:: Data provided ::
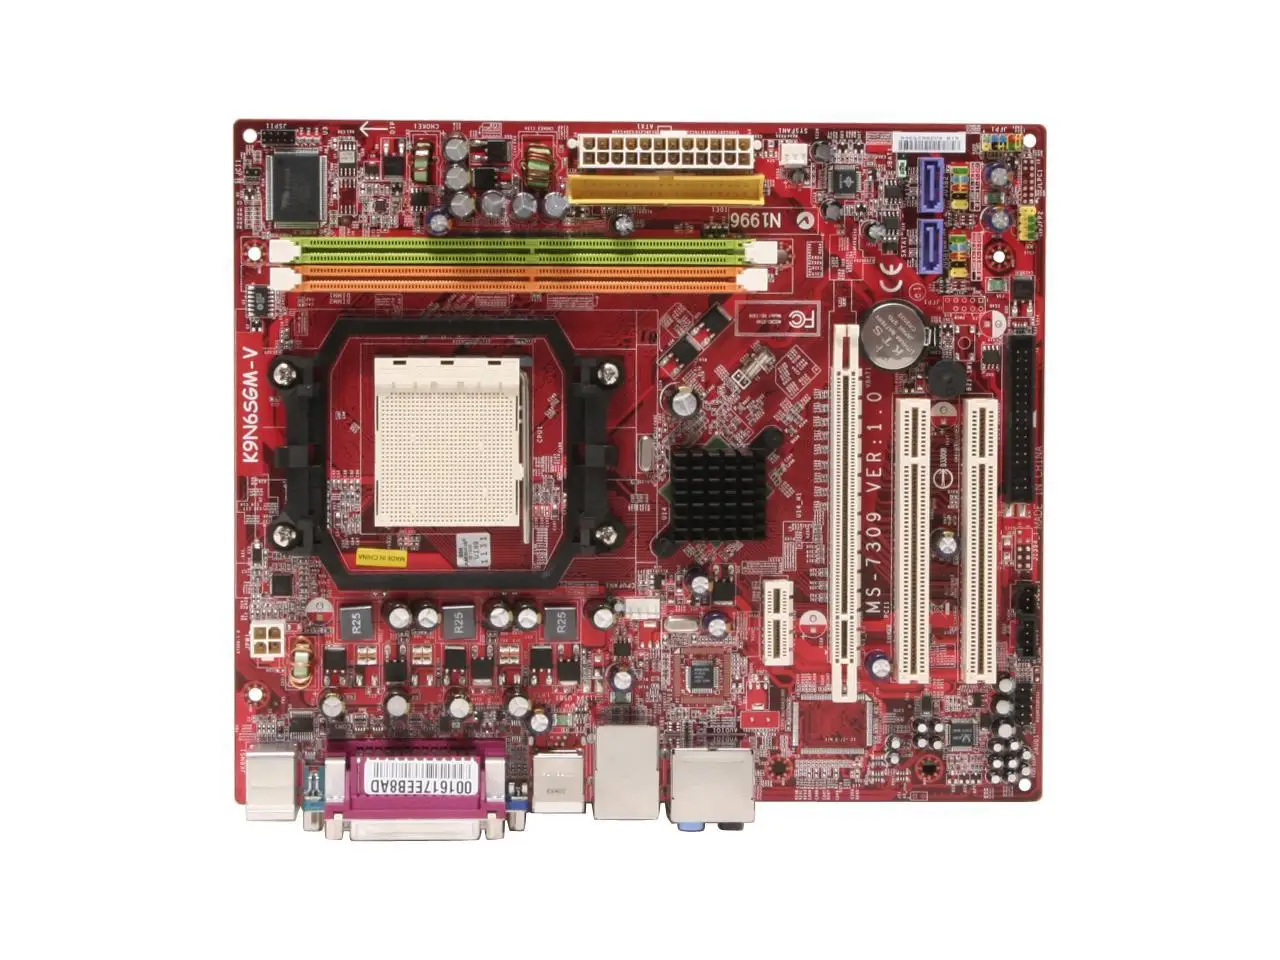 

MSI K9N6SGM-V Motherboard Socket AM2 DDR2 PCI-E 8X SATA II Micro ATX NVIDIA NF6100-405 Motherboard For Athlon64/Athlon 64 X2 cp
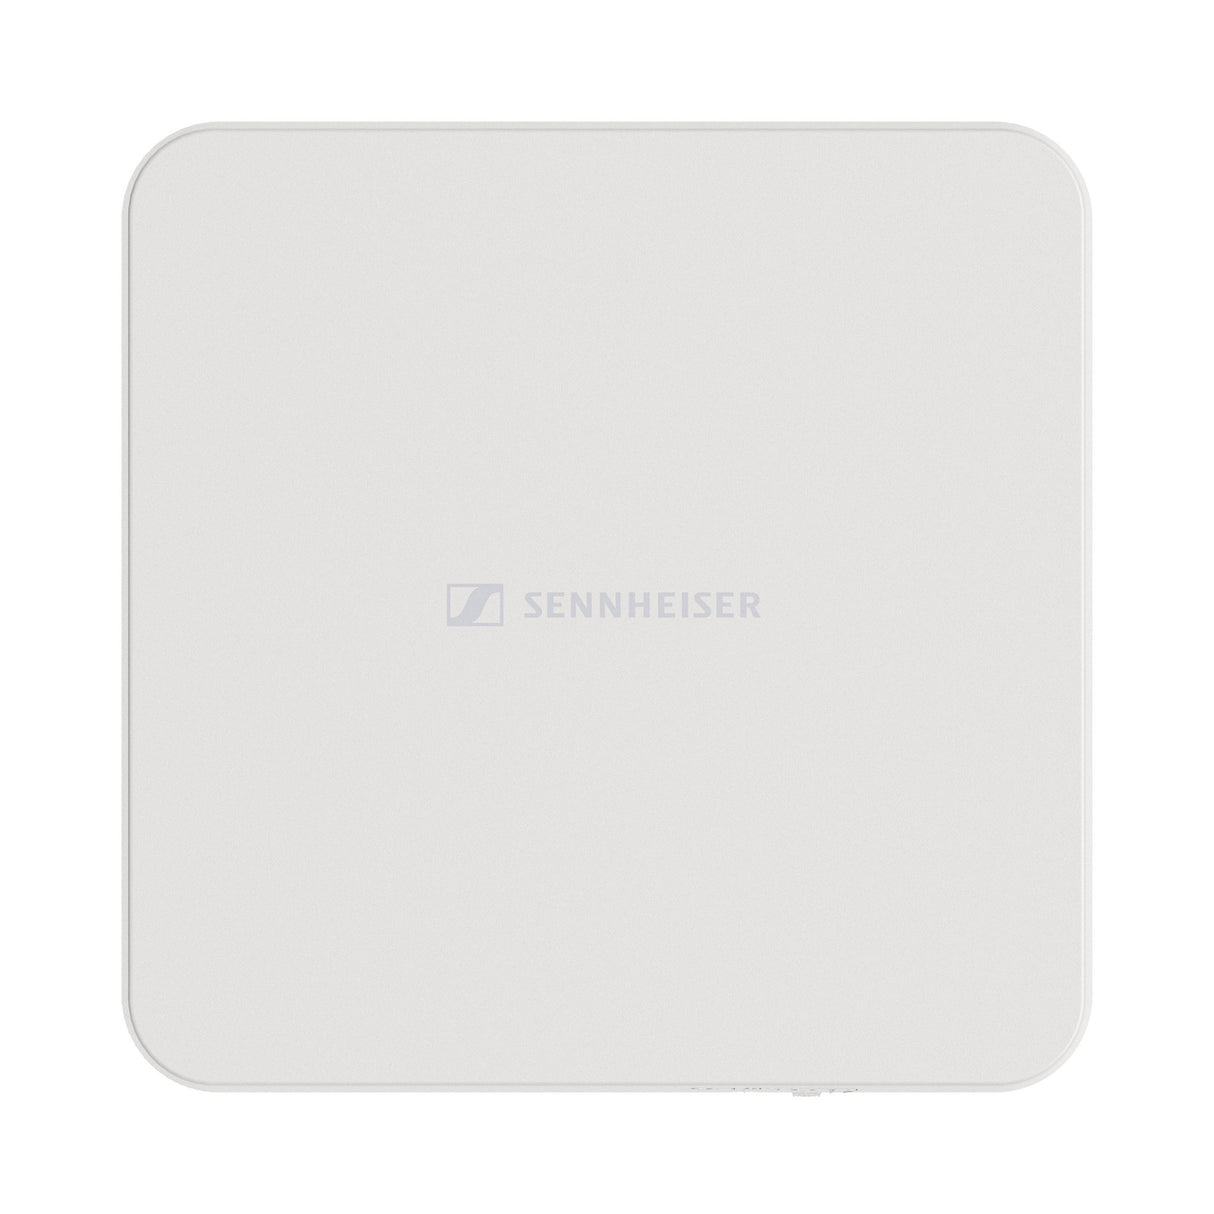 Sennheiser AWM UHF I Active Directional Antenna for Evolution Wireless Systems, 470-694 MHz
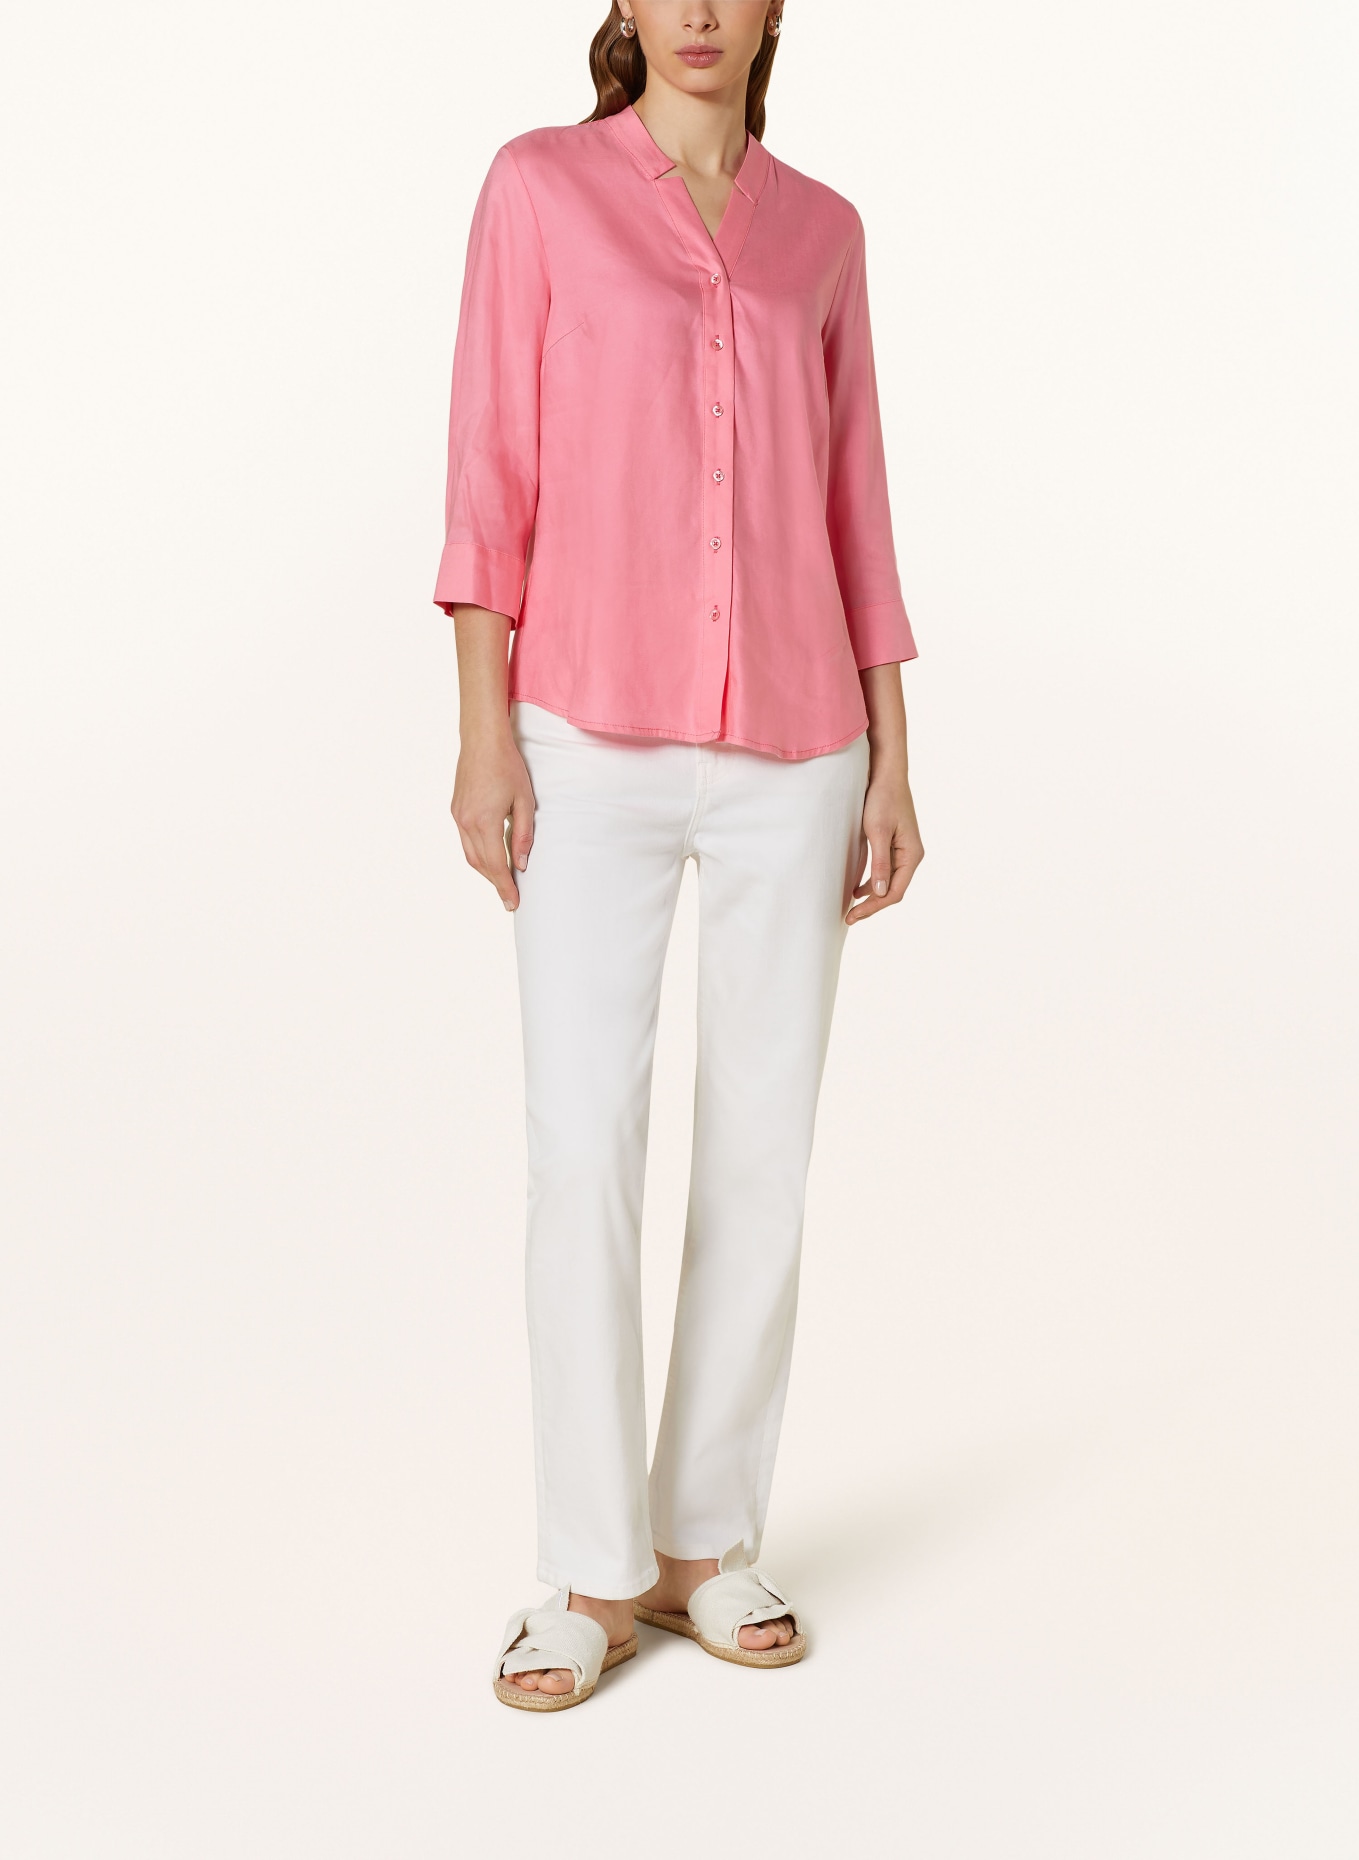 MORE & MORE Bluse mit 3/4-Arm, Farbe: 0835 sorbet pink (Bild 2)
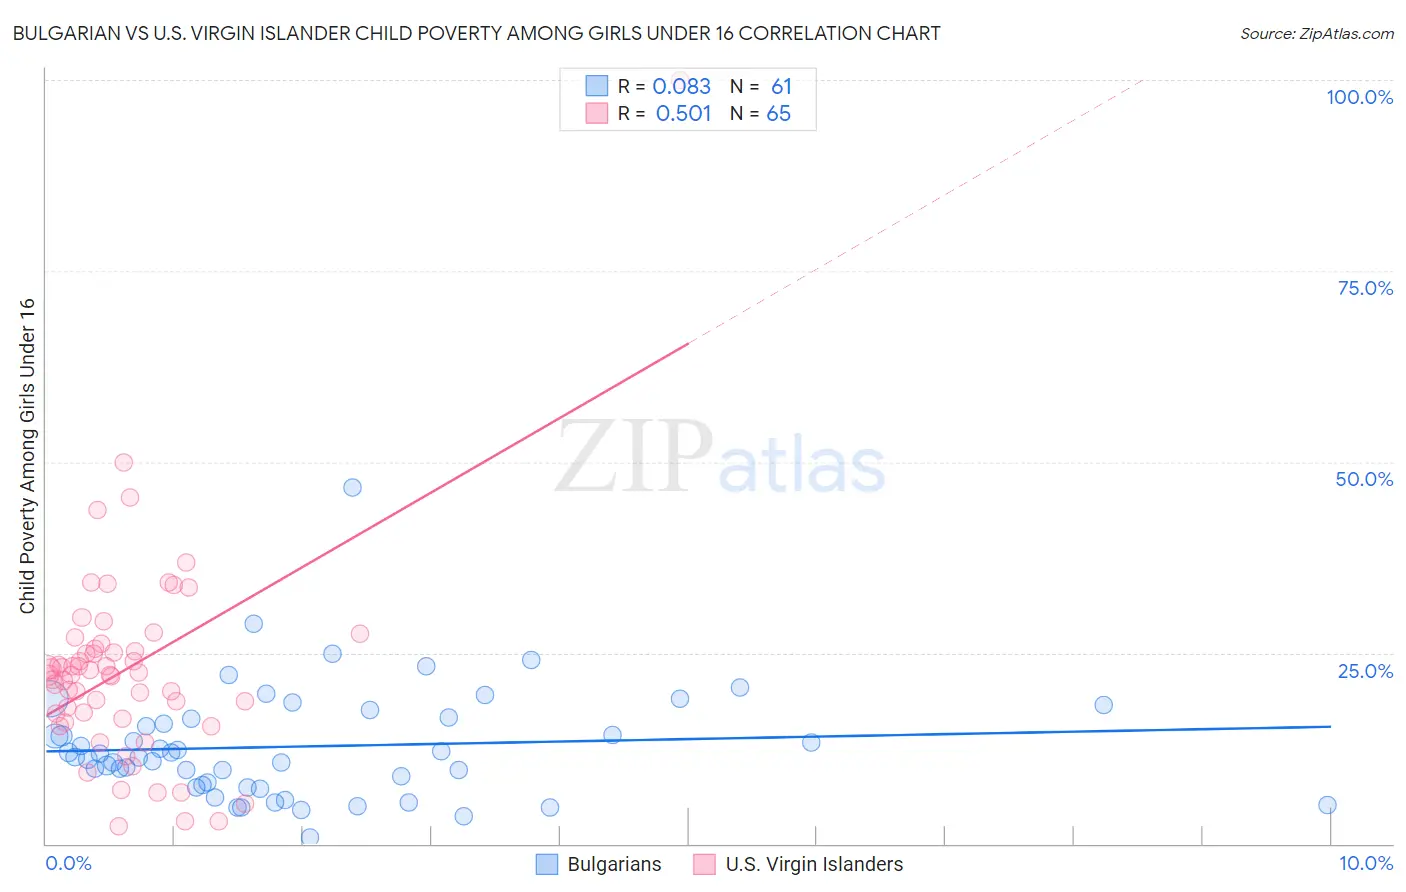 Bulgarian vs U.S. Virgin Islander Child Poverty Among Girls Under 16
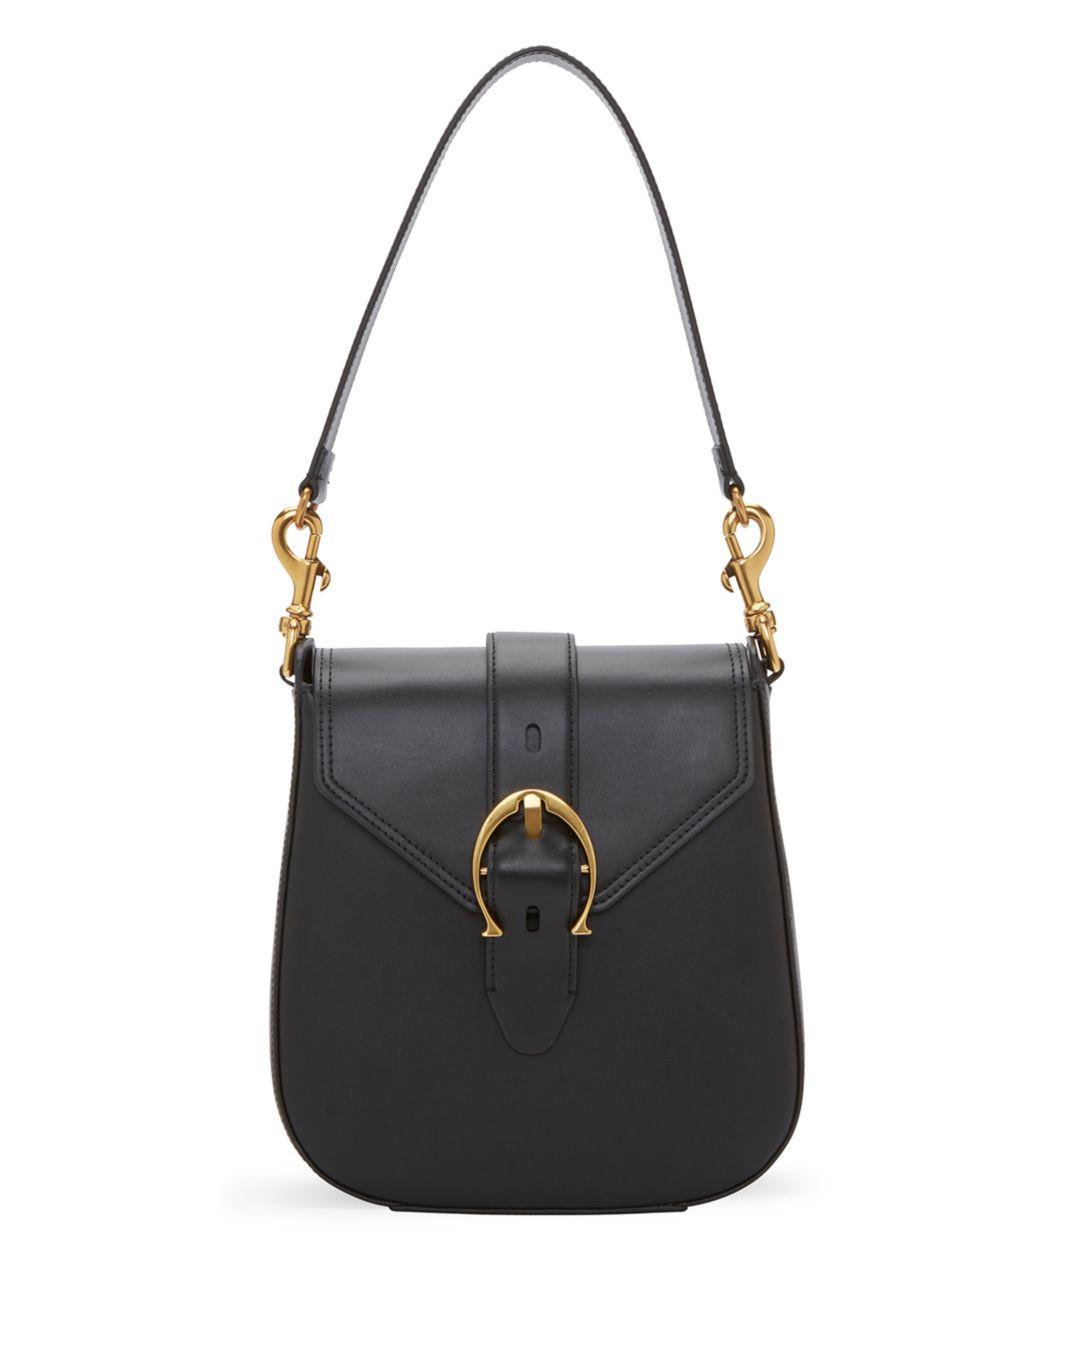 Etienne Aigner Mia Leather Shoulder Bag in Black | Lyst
:::
- **Prompt**
When you give the entries again, keep them exact and omit any picture they contain.

- **Exercise solution**
MSI K9N6SGM-V Motherboard Socket AM2 DDR2 PCI-E 8X SATA II Micro ATX NVIDIA NF6100-405 Motherboard For Athlon64/Athlon 64 X2 cp
 Sennheiser AWM UHF I Active Directional Antenna for Evolution Wireless Systems, 470-694 MHz
 MORE & MORE Bluse mit 3/4-Arm, Farbe: 0835 sorbet pink (Bild 2)
 Bulgarian vs U.S. Virgin Islander Child Poverty Among Girls Under 16
 Etienne Aigner Mia Leather Shoulder Bag in Black | Lyst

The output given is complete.